Counting Blog Posts using xidel
I wanted to write 100 posts in 2021, and I am nowhere close to that. I tried to look at the posts by year and see how I have performed over the years. Of course, I could have done that manually by looking at the year archive count or running a query on the database. But recently, I have started using Xidel, so why not use it? :)
So its the number inside a span with class sya_yearcount
. I am getting xpath3. text()
gets the content of the node.
xidel https://thejeshgn.com/archives \
--xpath3="//span[@class='sya_yearcount']/text()"
I also wanted the years, which is the value inside an anchor tag where id
contains yearXXXX
, where XXXX
is an year. So I am going to add year2
based filtering because all blogs where done post 2000. xidel can run multiple falterings on the same page in the same command. Also you can use contains
to check if the string contains a value.
xidel https://thejeshgn.com/archives \
--xpath3="//a[contains(@id,'year2')]/@id" \
--xpath3="//span[@class='sya_yearcount']/text()"

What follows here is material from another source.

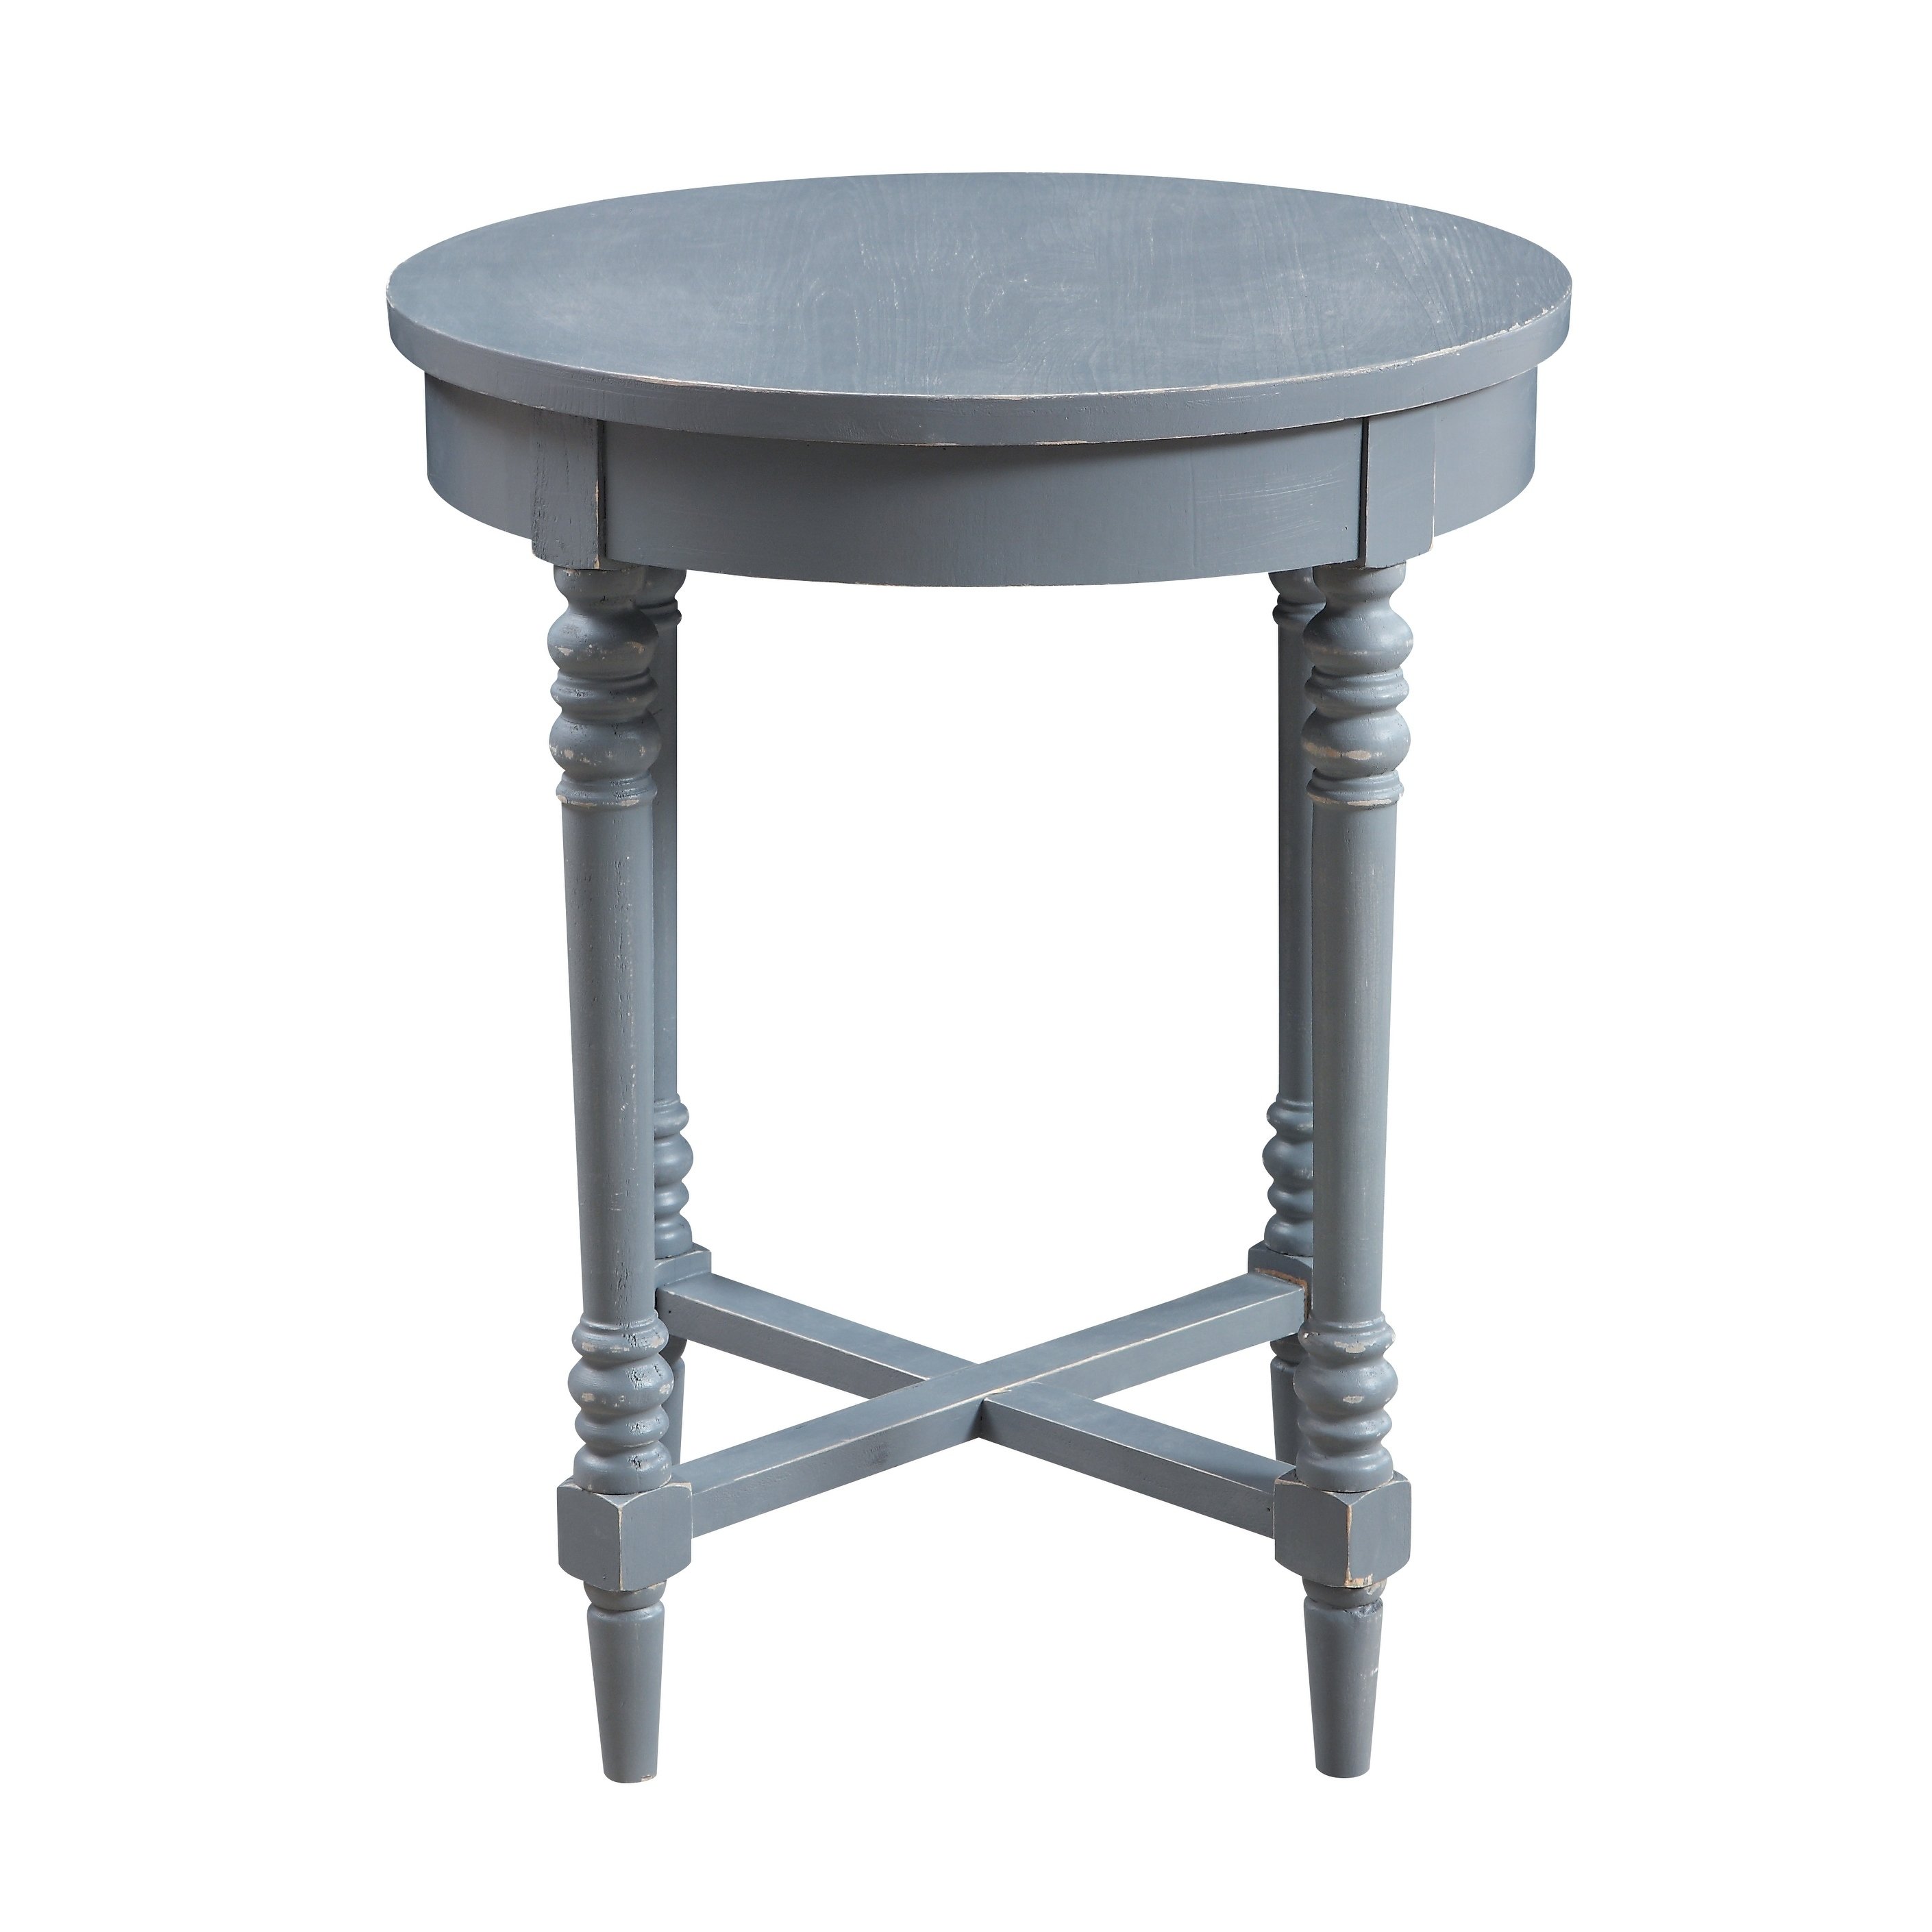 treasure trove small accent table free shipping today grey charging side ginger jar lamps green porcelain quality bedroom furniture luxury mango bookcase round tablecloth console
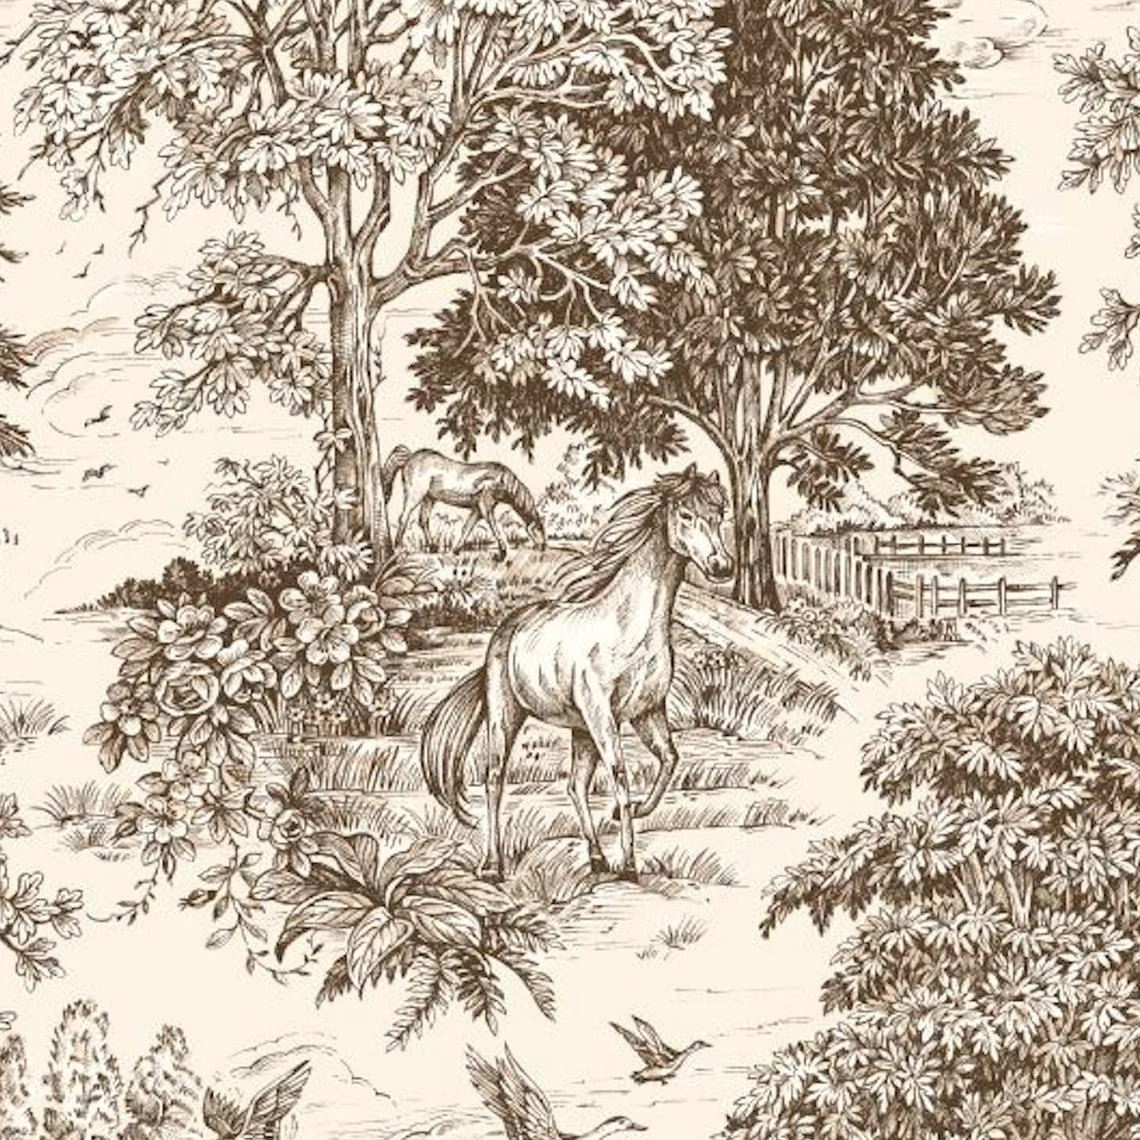 tailored crib skirt in Yellowstone Driftwood Brown Country Toile- Horses, Deer, Dogs- Large Scale

I want a JSON output. xidel outputs simple text by default but it supports other formats like xml, html, json etc
xidel https://thejeshgn.com/archives \
--xpath3="//a[contains(@id,'year2')]/@id" \
--xpath3="//span[@class='sya_yearcount']/text()" \
--output-format json-wrapped
And then I don't want logs. I want only JSON output, so I am adding --silent
I want text output to be numbers and not text
xidel https://thejeshgn.com/archives \
--xpath3="//a[contains(@id,'year2')]/@id" \
--xpath3="//span[@class='sya_yearcount']/text()" \
--output-format json-wrapped
--silent
I want text output to be numbers and not text. So we convert them into numbers
xidel https://thejeshgn.com/archives \
--xpath3="//a[contains(@id,'year2')]/@id" \
--xpath3="//span[@class='sya_yearcount']/text() / number(.)" \
--output-format json-wrapped \
--silent
And the final output looks like this.
[
[
"year2021",
"year2020",
"year2019",
"year2018",
"year2017",
"year2016",
"year2015",
"year2014",
"year2013",
"year2012",
"year2011",
"year2010",
"year2009",
"year2008",
"year2007",
"year2006",
"year2005",
"year2004",
"year2003"
],
[
51,
34,
33,
37,
53,
54,
57,
40,
25,
34,
46,
48,
73,
71,
203,
20,
13,
3,
4
]
]
Now you can use that json with any graphing library that you love. A bit of over engineering that's not needed. But its one way to learn.
Hello Thejesh,
You may find this command useful:
$ xidel -s https://thejeshgn.com/archives -e ‘
let $a:=//div[@class=”sya_container”]
for $x at $i in $a/text()
return
string-join(($x,$a/span[$i]))
‘
2022 (5)
2021 (60)
2020 (34)
[…]